Operational Checklist

  • Scheduling — Use Run: newly-indexed for incremental runs, Run: manual for ad-hoc CLI calls, or Run: on-schedule when paired with the scheduler. Leave Run: auto if you want the worker to decide based on other model states.
  • Timeouts & Retries — Default timeout is 10minutes (ServiceTimeout). Ollama streaming responses complete faster in practice; if you need stricter SLAs, wrap photoprism vision run in a job runner and retry failed batches manually.
  • Fallbacks — Keep Nasnet configured even when Ollama labels are primary. labels.go stops at the first successful engine, so duplicates are avoided.
  • Security — When exposing Ollama beyond localhost, terminate TLS at Traefik and enable API keys.
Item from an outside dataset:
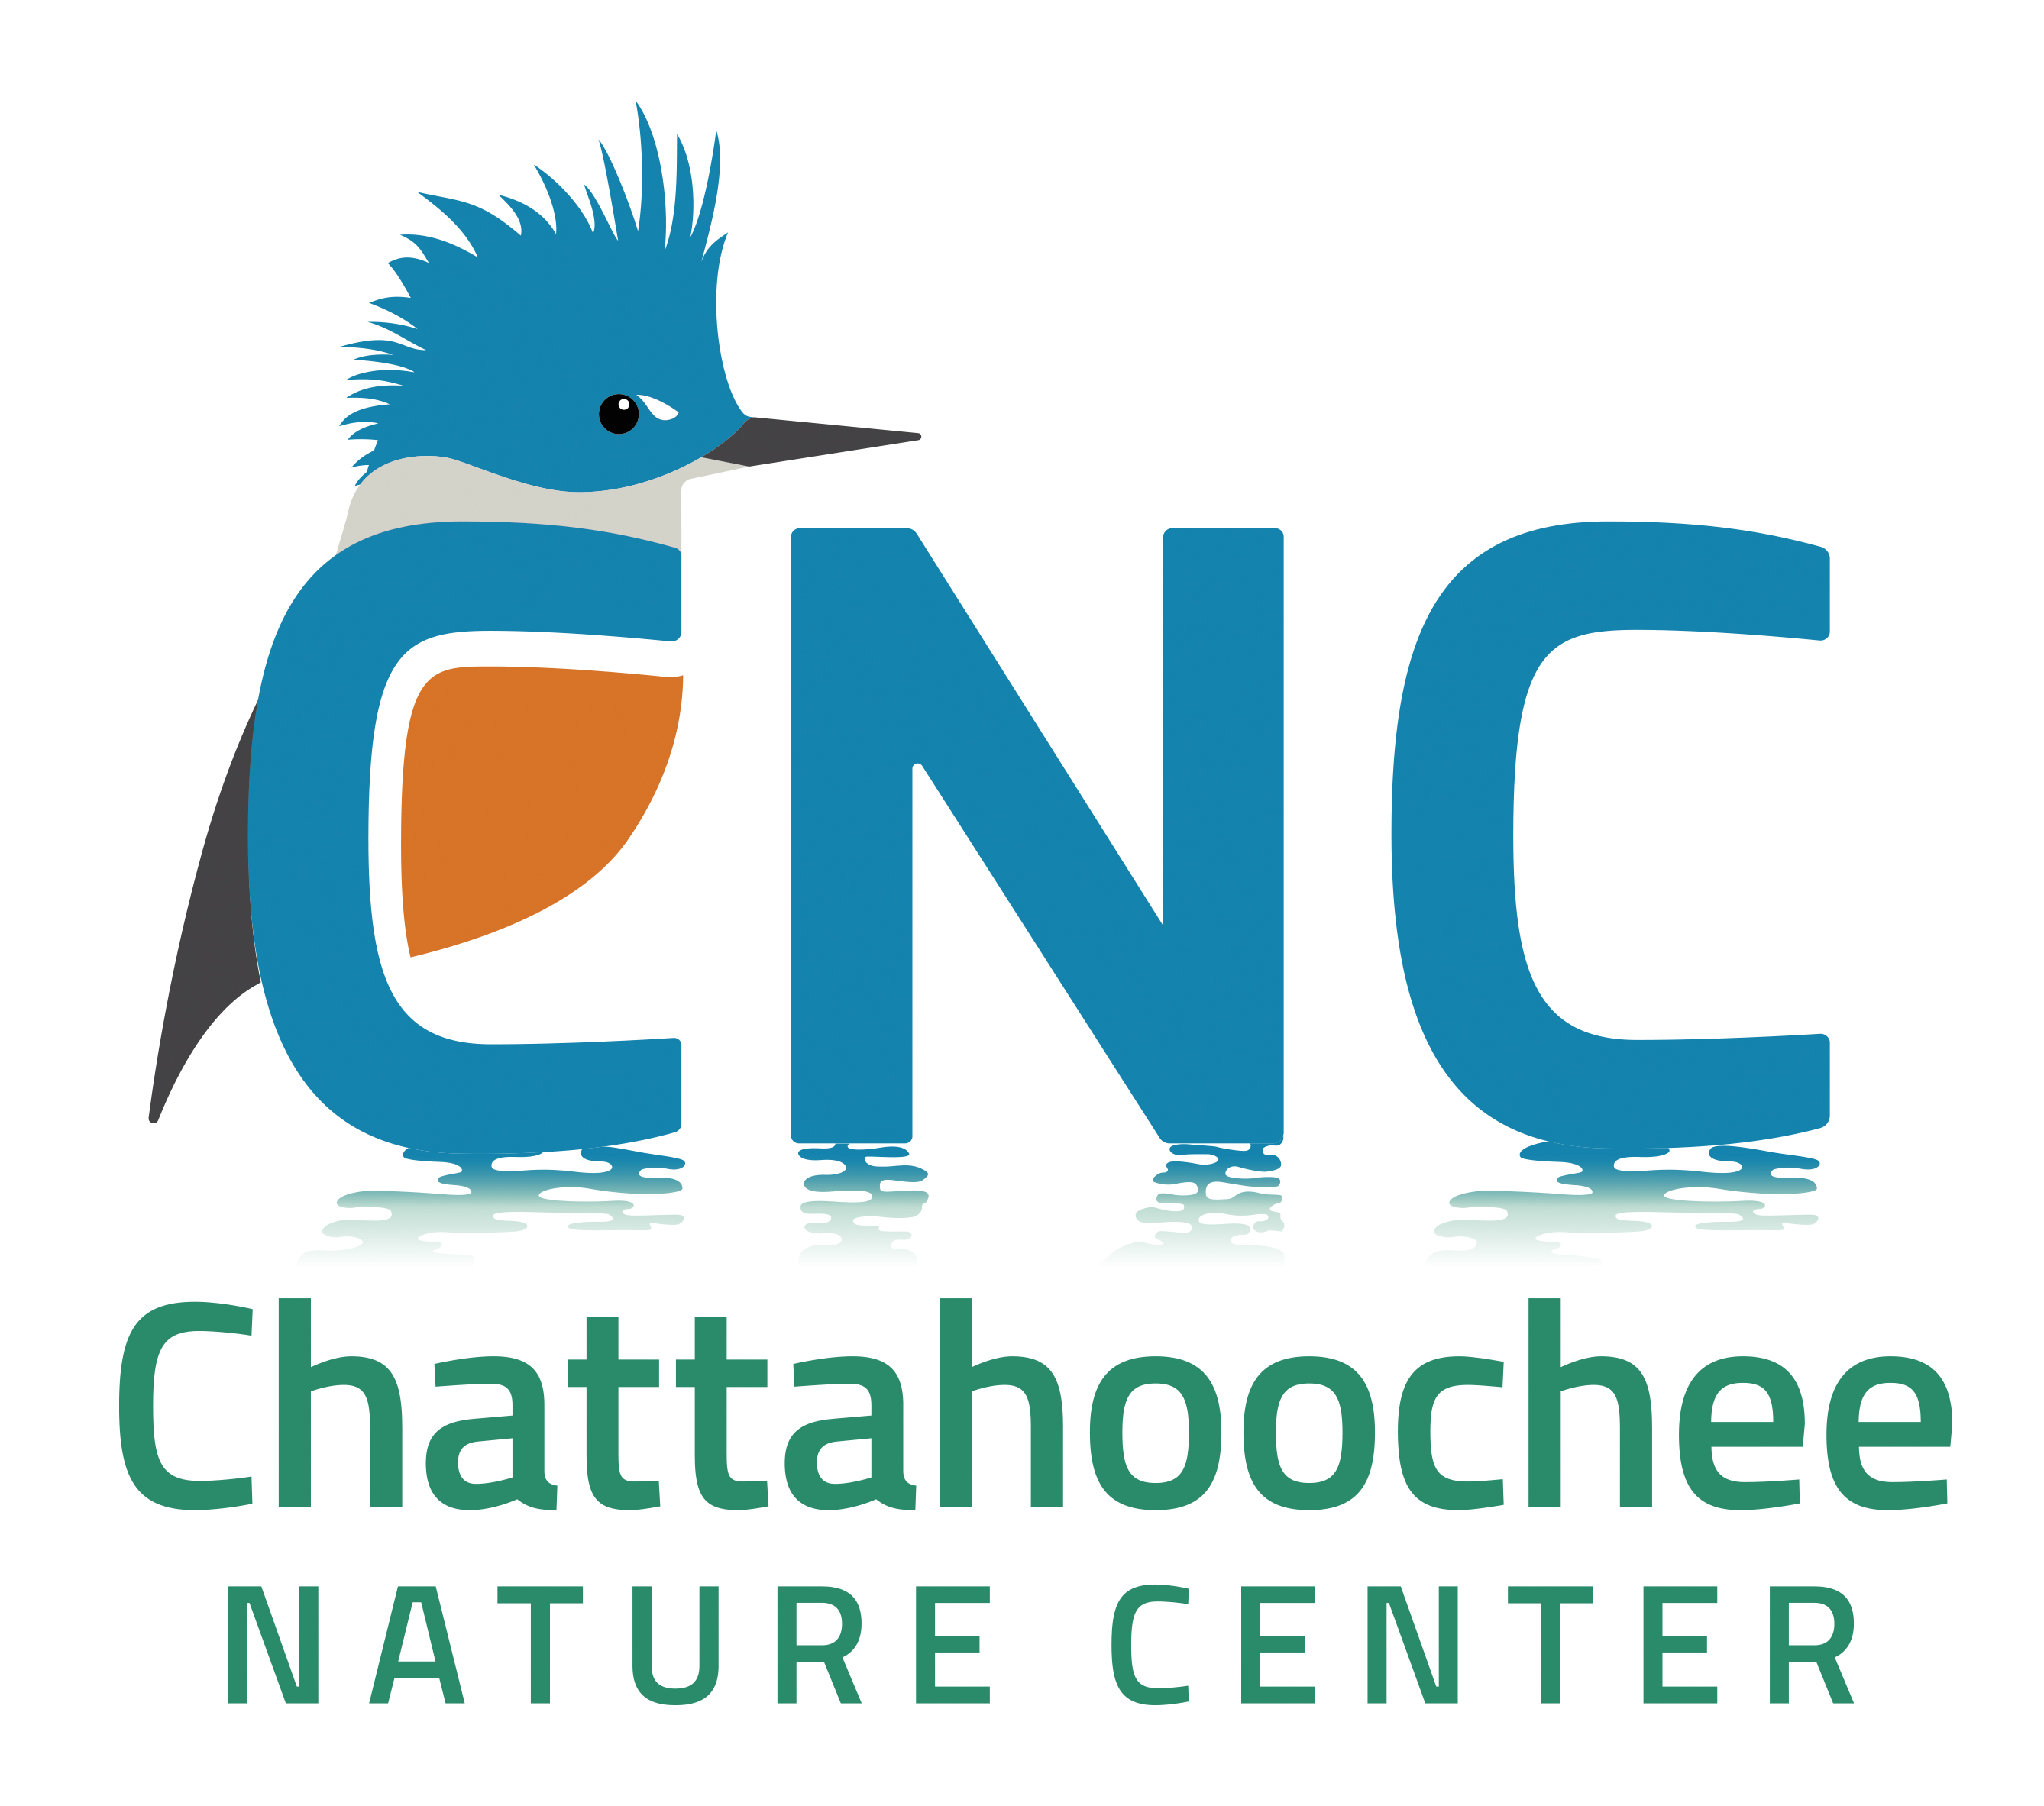 Chattahoochee Nature Center logo

Never return full JSON payloads in logs; rely on trace mode only for debugging and sanitize before sharing.
  • Model Storage — Bind-mount ./storage/services/ollama:/root/.ollama (see Compose) so pulled models survive container restarts. Run docker compose exec ollama ollama list during deployments to verify availability.

Observability & Testing

  • CLI Smoke Tests
    • Captions: photoprism vision run -m caption --count 5 --force.
    • Labels: photoprism vision run -m labels --count 5 --force.
    • After each run, check photoprism vision ls for source=ollama.
  • Unit Tests
    • go test ./internal/ai/vision/ollama ./internal/ai/vision -run Ollama -count=1 covers transport parsing and model defaults.
    • Add fixtures under internal/ai/vision/testdata when capturing new response shapes; keep files small and anonymized.
  • Logging
    • Set PHOTOPRISM_LOG_LEVEL=debug to watch summary lines (“processed labels/caption via ollama”).
    • Use log.Trace sparingly; it prints truncated JSON blobs for troubleshooting.
  • Metrics
    • /api/v1/metrics exposes counts per label source; scrape after a batch to compare throughput with TensorFlow/OpenAI runs.

Code Map

  • internal/ai/vision/ollama/*.go — Engine defaults, schema helpers, transport structs.
  • internal/ai/vision/engine_ollama.go — Builder/parser glue plus label/caption normalization.
  • internal/ai/vision/api_ollama.go — Base64 payload builder.
  • internal/ai/vision/api_client.go — Streaming decoder shared among engines.
  • internal/ai/vision/models.go — Default caption model definition (gemma3).
  • compose*.yaml — Ollama service profile, Traefik labels, and persistent volume wiring.
  • frontend/src/common/util.js — Maps src="ollama" to the correct badge; keep it updated when adding new source strings.

Next Steps

  • Add formal schema validation (JSON Schema or JTD) so malformed label responses fail fast before normalization.
  • Support multiple thumbnails per request once core workflows confirm the API contract (requires worker + UI changes).
  • Emit per-model latency and success metrics from the vision worker to simplify tuning when several Ollama engines run side-by-side.
  • Mirror any loader changes into PhotoPrism Plus/Pro templates to keep splash + browser checks consistent after enabling external engines.